Do All Children Go to Heaven?
If Augustine's position is correct, unbaptized children who died in the tornado went to hell as condemned sinners. Why, then, does the Bible nowhere command us to baptize children? While circumcision was required for infant boys in the Old Testament (Gen. 17:12), there is no similar requirement for the baptism of infants in the New. In a day when infant mortality rates were high, we would expect Scripture to mandate this act if it is essential to a child's salvation.
To the contrary, there is not a single clear example of a child being baptized in the New Testament (Lydia's "members of her household" and the Philippian jailer's "family" come closest, though their ages are not specified; Acts 16:15, 33). Nor do we find a single biblical command that we baptize infants.

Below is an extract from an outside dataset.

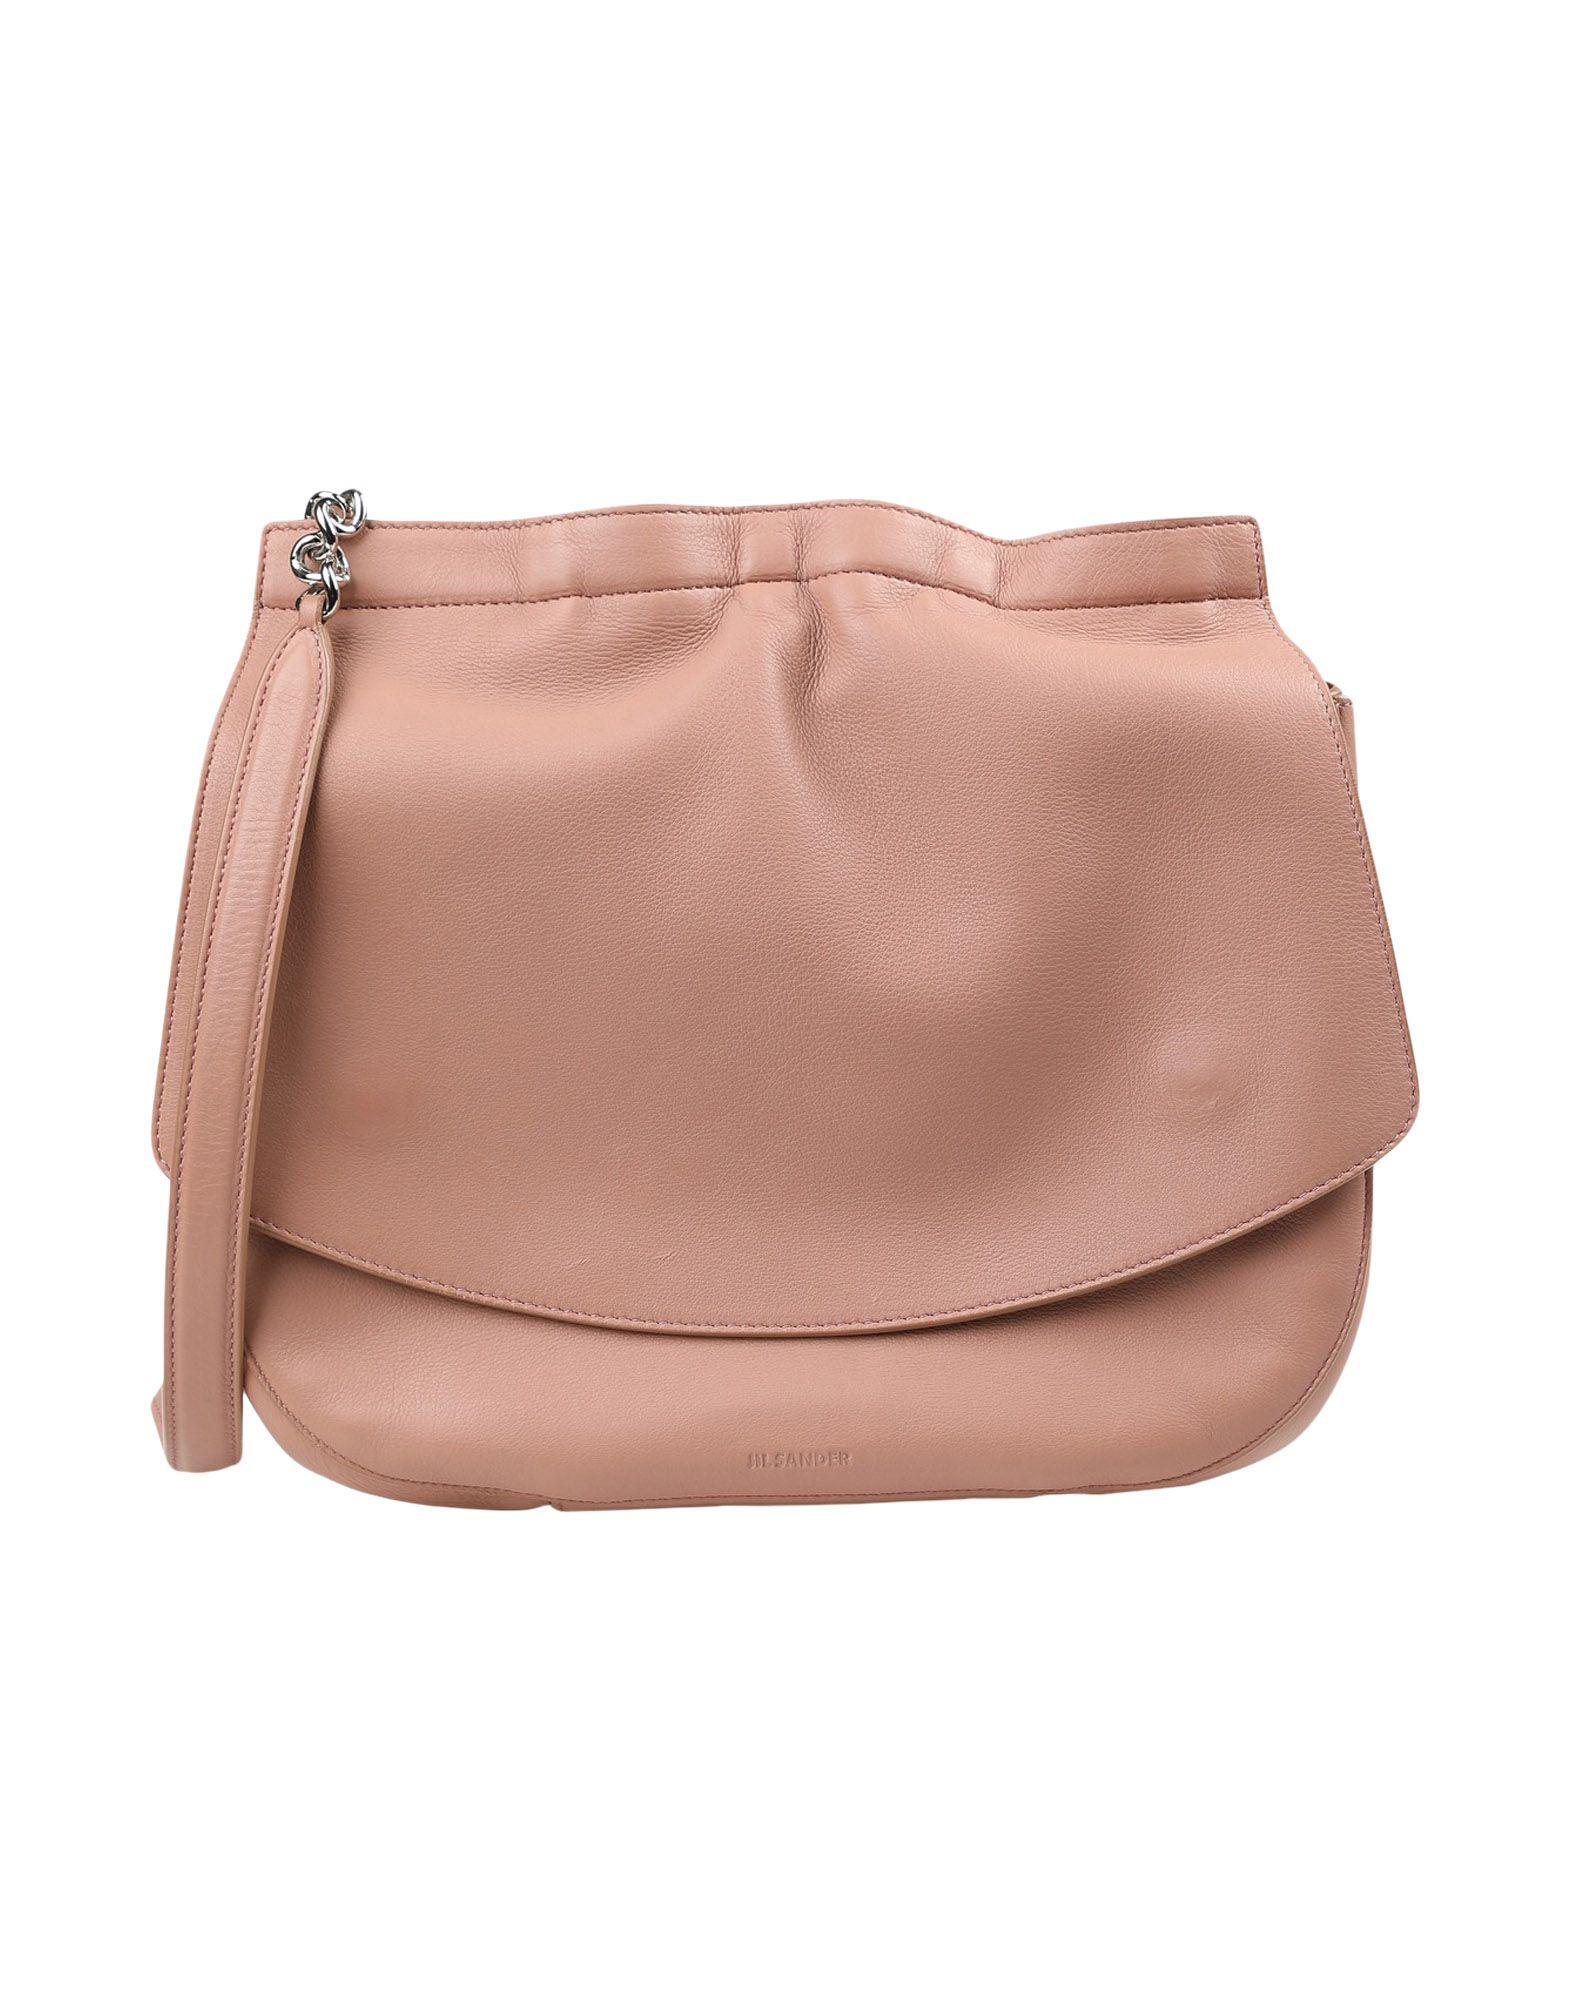 Jil Sander Leather Shoulder Bag in Pink - Lyst

Calvin: Non-elect infants are condemned
In his Institutes of the Christian Religion, John Calvin defined original sin as:
a hereditary depravity and corruption of our nature, diffused into all parts of the soul, which first makes us liable to God's wrath, then also brings forth in us those works which Scripture calls "works of the flesh" (Gal. 5:19). And that is properly what Paul often calls sin.
Calvin argued strongly for Augustine's position. Citing Romans 8:20, he said, "the creation was subjected to frustration, not by its own choice, but by the will of the one who subjected." He believed that all people inherit Adam's sin and punishment, "since, therefore, the curse, which goes about through all the regions of the world, flowed hither and yon from Adam's guilt, it is not unreasonable if it spread to all his offspring." As a result, Adam "entangled and immersed his offspring in the same miseries" that he experienced.
Calvin agreed with Augustine that "we bear inborn defect from our mother's womb." Referencing Psalm 51:5, he claimed, "From his very conception [David] carries the confession of his own perversity. Since it is clear that this was not peculiar to David, it follows that the common lot of mankind is exemplified in him."13 He concludes: "All of us, who have descended from impure seed, are born infected with the contagion of sin. In fact, before we saw the light of this life we were soiled and spotted in God's sight."
However, Calvin disagreed with Augustine regarding the method of this transmission: "Instead of saying . . . that each of us draws vice and corruption from his parents, it would be more correct to say that we are all alike corrupted in Adam alone, because immediately after his revolt God took away from human nature what He had bestowed upon it."
Advocates of the Augustine/Calvin position cite Ephesians 2:3, which calls humanity "objects of wrath." This description would mean that we are all condemned, whatever our age or status relative to saving faith. However, if "objects of wrath" is translated "wrathful people," the phrase has no bearing on our question.
Calvin clearly broke with Augustine, however, with regard to election for infants. In the Reformer's mind, election takes precedence over inherited guilt. If a baby was part of the elect, he or she would be in heaven. If not, "we may rest assured that God would never have suffered any infants to be slain except those who were already damned and predestined for eternal death," as "there are babies a span long in hell."